Сашка Соловей насмешливо фыркнул и что-то сказал сквозь зубы, чего Мологин не расслышал. Бабкин раскачивался на своей койке, обняв колени и положив на них голову. Он равнодушно негромко гнусавил:

Но, наконец, кричу ура,
Пришла желанная пора —
Свобода, свобода…
И стал работы я искать,
Пока совсем не мог таскать
Я ноги, я ноги…

А тот, которого собственно и хотелось убедить в чем-то Мологину, старик Василий Козел — он был стариком, когда Мологин бегал еще мальчиком, он был опытным вором, когда Мологин не умел еще стащить буханку хлеба с мужицкого воза, — ответил ему с осуждением из-под седых прокуренных усов:

— Умный ты человек, Алексей Александрович, но не тебе бы говорить, не мне бы слушать. Некому продать? Барышшшов тебе мало, что ли? Да продавай, сделай милость! Было бы только — что.

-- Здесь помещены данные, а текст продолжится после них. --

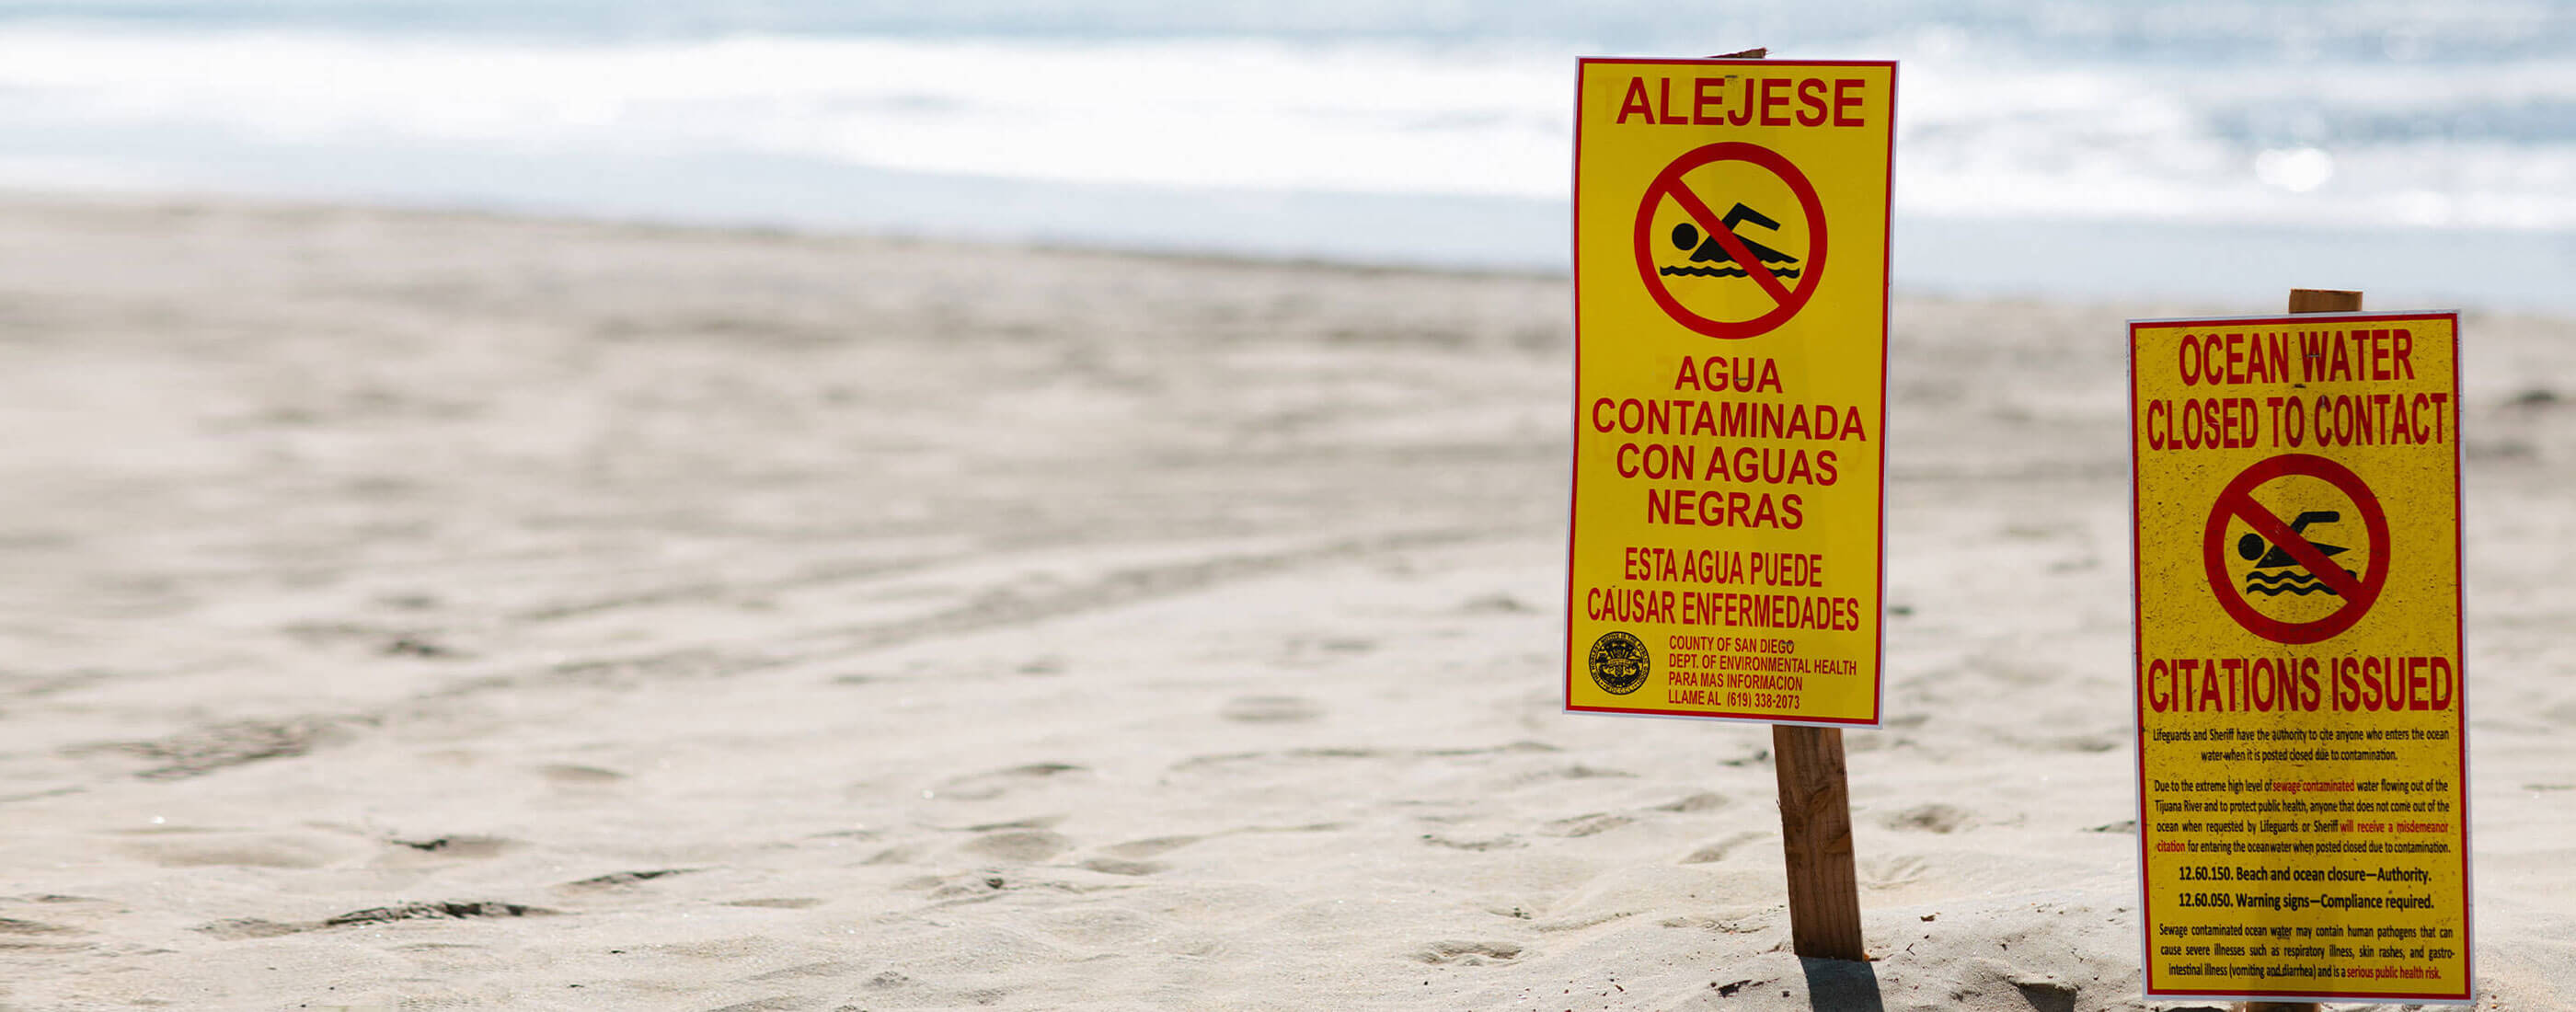 contaminated water warning signs at the beach

Мологин не ответил и, отвернувшись, укрылся одеялом.

Куда пойти, и где дадут
Вору бездомному приют?
В шалмане, в шалмане…
Шпана смеялась надо мной,
И понял я, что нет иной
Дороги, дороги…

В Бутырках же впервые услышал Мологин о коммуне. Рассказывали, что ГПУ отобрало несколько партий молодых ребят, отправило их в какое-то болото под Москвой, и они там работают, а приезжая в Москву, никуда не заходят и держатся по большей части так, как будто никогда не были ворами.

— Ну, это дудки, — говорили некоторые. — Просто следят за ними агенты. А если бы вольно, показали бы они!

— Все выкомаривают, все придумывают, — говорил Козел со злостью. — Клубы, театры, «политграмоты»… Суды еще придумали. Это в тюрьме-то! Мало, видишь, большевистского, еще и сам себя суди…

Он стал подробно рассказывать, как убеждал его инструктор в Таганской ликвидировать неграмотность, «приставал, как малахольный», а Козел, выведенный из всякого терпения, оборонялся матерной бранью.

— Чорт их побери совсем! — ругался он. — Тюрьму, и ту изуродовали. Никакой жизни не стало. Нигде покоя человеку не дают.

Как это нередко случалось с Мологиным, он не придал сперва значения тому, что услыхал. Разве мало и раньше устраивалось колоний для беспризорников? Однако слухи о Болшевской не прекращались, а все росли. Кто-то сказал, что в коммуне Новиков, Фиолетов и Каминский. Этих Мологин или знал лично или слыхал о них. Это были не беспризорники, не пацаны. Это были солидные воры-артисты.

Мологин не спал ночь, обдумывая эту новость. Он все хотел понять, что же так задевало и тревожило его в том, что Фиолетов и Новиков слягавили? Значит, они не были настоящими ворами, и туда им дорога. Какое дело медвежатнику Мологину до них.